Flavio Motta em 1967 lança o texto "Desenho e Emancipação" que em conjunto com Villanova Artigas veio a dar linhas gerais do que seria o curso de arquitetura e o seu papel social, substituindo a figura do arquiteto decorador pelo tecnológico, sendo o habitar uma necessidade humana.
Lúcio Costa, Niemeyer, Affonso Reidy e os Modernistas do Rio e Artigas e os arquitetos da chamada Escola Paulista, influenciaram várias gerações,que posteriormente teve em Sérgio Ferro, Flávio Império e Rodrigo Lefévre seus continuadores no pensar arquitetura na ótica marxista e que viria formar a minha.
Meu pai era amigo de Artigas, Motta e todo uma geração de artistas e arquitetos que conviveram entre 1971 e 1978 fazendo trabalhos para Secretaria de Planejamento do Município de São Paulo ou na EMPLASA e mesmo na iniciativa privada, na Hidroservice e na Hidrobrasileira ,que empregaram muitos perseguidos políticos durante a ditadura civil-militar, dentre eles o Flávio Império que já tinha sido estagiário de Joaquim Guedes em 1959.
Engenheiro especialista em planejamento , o velho Victor Chinaglia foi decisivo para minha escolha em ser arquiteto ainda aos 8 anos.
Na FAU-PUCCAMP entre 1985 e 1989, ano da Nova República e da legalidade do PCB, foi o aprendizado deixado pelo Rodrigo Lefévre e seus colegas , meus professores.
Como Diretor de Urbanismo ou Secretário de Planejamento aprendi muito com Niemeyer, Fábio Penteado e principalmente Joaquim Gudes que moldou definitivamente minha visão do papel social do arquiteto e a arte de projetar.

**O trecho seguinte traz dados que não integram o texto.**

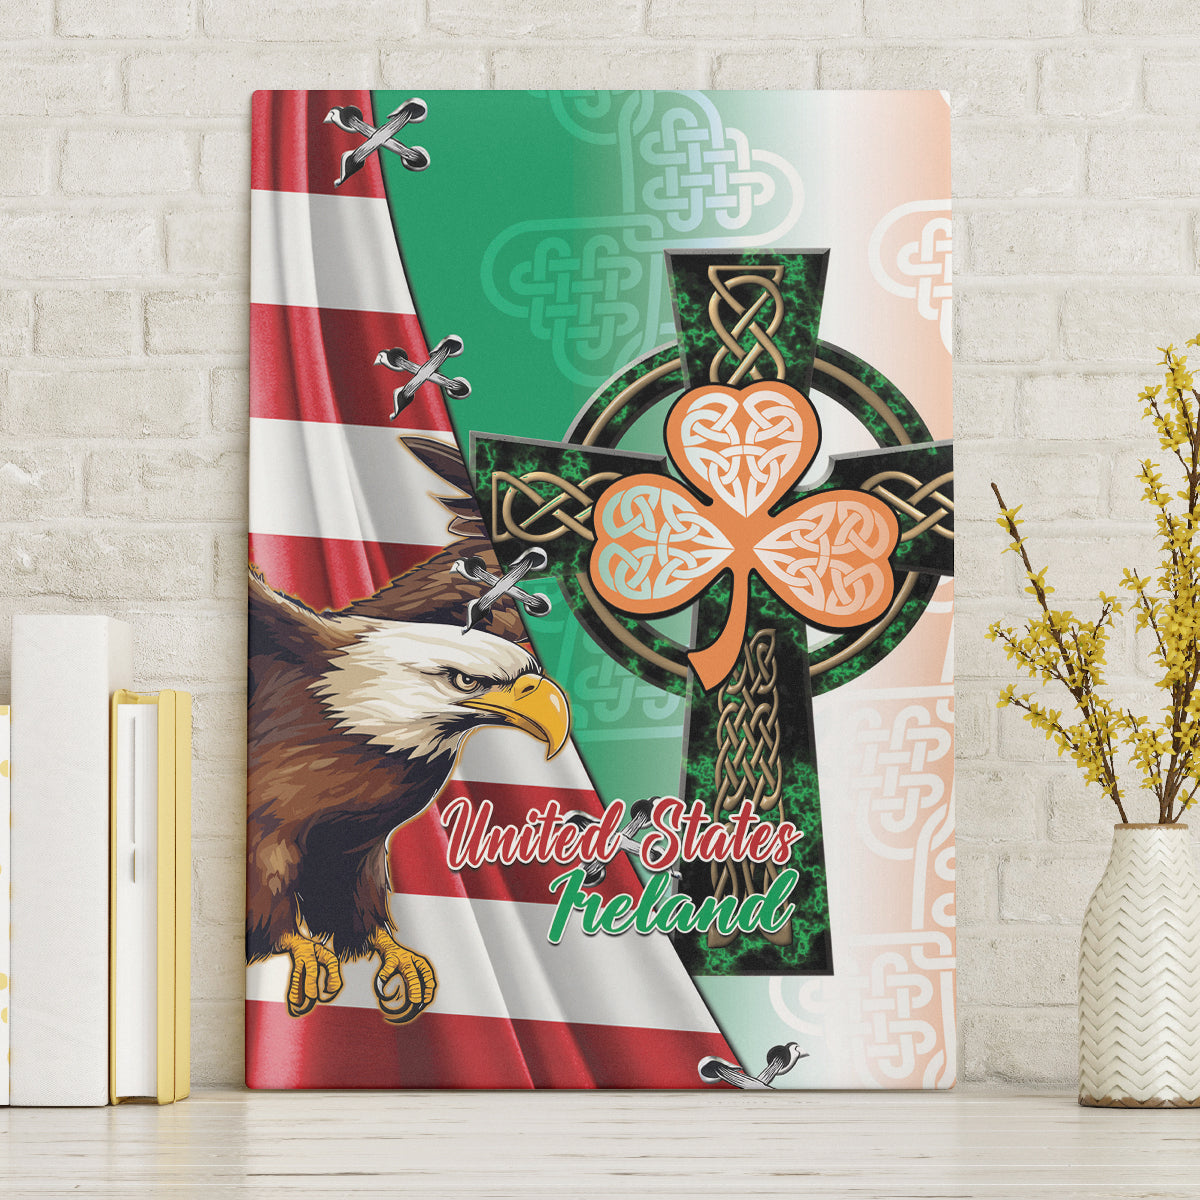 United States And Ireland Canvas Wall Art USA Eagle With Irish Celtic Cross

Hoje , tenho em Mário Yoshinaga um colega de estudo e parceiro de idéias e ao lado do Arquiteto Marco António Alves Jorge, o Kim, a oportunidade através das cooperativas Cooperteto de Habitação e na Braço Forte de Arquitetura e Construção de atuar e ser parte do canteiro de obra.
A participação do povo no poder decisório do projeto e da obra, em conjunto com toda a cadeia produtiva da indústria da construção civil sem o intermediário, me faz ter certeza do papel do arquiteto na busca política de uma sociedade moderna, participativa e democrática, que ainda teremos.
O quadro dedicado a mim quando eu tinha 5 anos foi feito por Marcelo Nitsche e retrata a esposa de Flávio Motta.
O quadro dedicado a mim quando eu tinha 5 anos foi feito por Marcelo Nitsche e retrata a esposa de Flávio Motta.

É Vitinho, algumas pessoas já estão predestinadas, nascem filhos de "mestres" e descobrem suas aptidões desde cedo. Parabéns, querido por seu talento, vocação, dedicação e também pela genética, pq não. Bju.